Основанием для решения этой двойной проблемы Коген предлагает сделать понятие интенсивной величины, точнее, понятие бесконечно-малого. Критика познания выводит из мышления не так называемые действительные вещи, а те логические предпосылки, те понятия и знания, в силу которых наука объективирует явления этих вещей. Только в этом смысле можно говорить, что критика познания выводит объекты природы из мышления.

Согласно Когену, научная объективация осуществляется двумя дисциплинами, прежде всего математикой и затем математическим естествознанием, т.е. физикой. Критико-познавательное фундирование этой объективации вещей в предмет, в реальный объект природы протекает в трех фазах, соответственно трем видам кантовских основоположений. Первую фазу образует основоположение экстенсивной величины (кантовские «аксиомы созерцания»), которая определяет, прежде всего математическое объективирование, вторую фазу представляет основоположение реальности, чья задача состоит в том, чтобы обеспечить связь математики и естествознания и внутренне ее обосновать. Третью, последнюю фазу образуют основоположения «аналогий», которые должны легитимировать заключительное естественно-научное объективирование.

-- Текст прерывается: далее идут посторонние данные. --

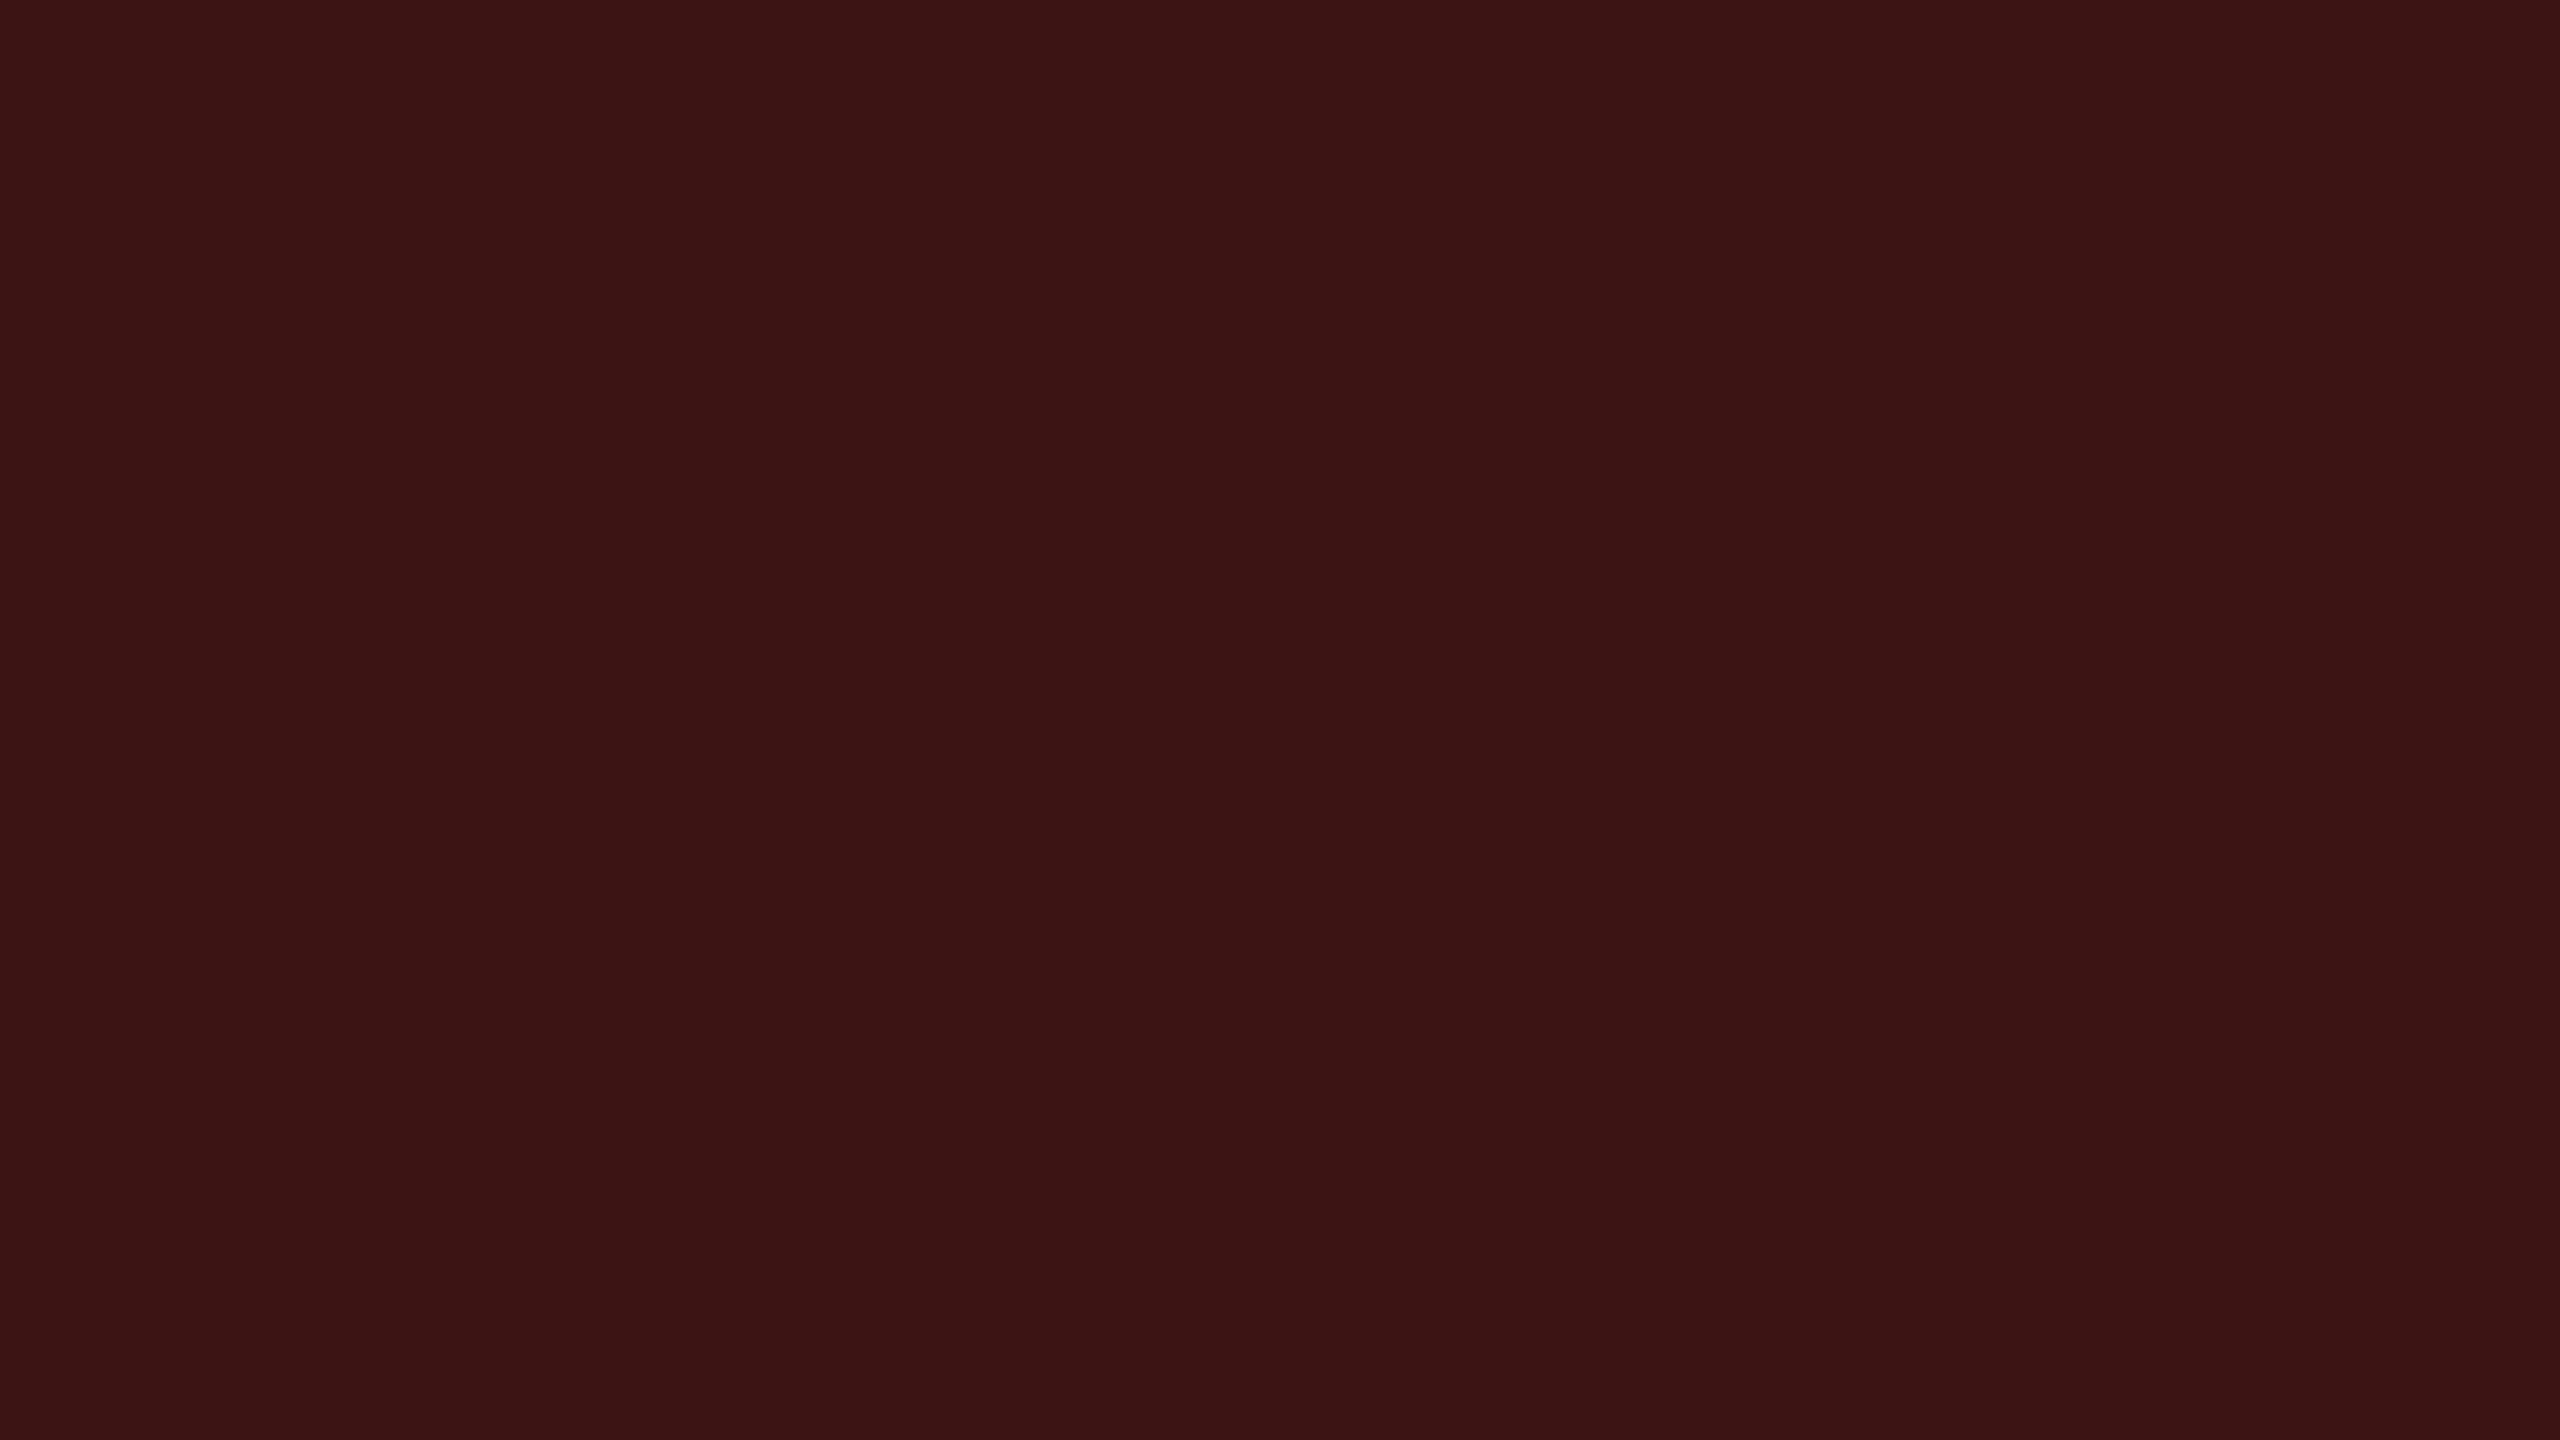 2560x1440  Dark Sienna Solid Color Background

Критика познания спрашивает не о схватываемости явлений, но исключительно о том, в силу каких понятий математические предметы как первая фаза объективации явлений в реальный объект природы соединяются с «предметом». Согласно сущностному содержанию основоположения экстенсивной величины, предмет опыта должен соответствовать идеальным образам геометрии и быть в них представленным. Предмет должен быть представлен, прежде всего в качестве величины, которая покоится на массе и числе.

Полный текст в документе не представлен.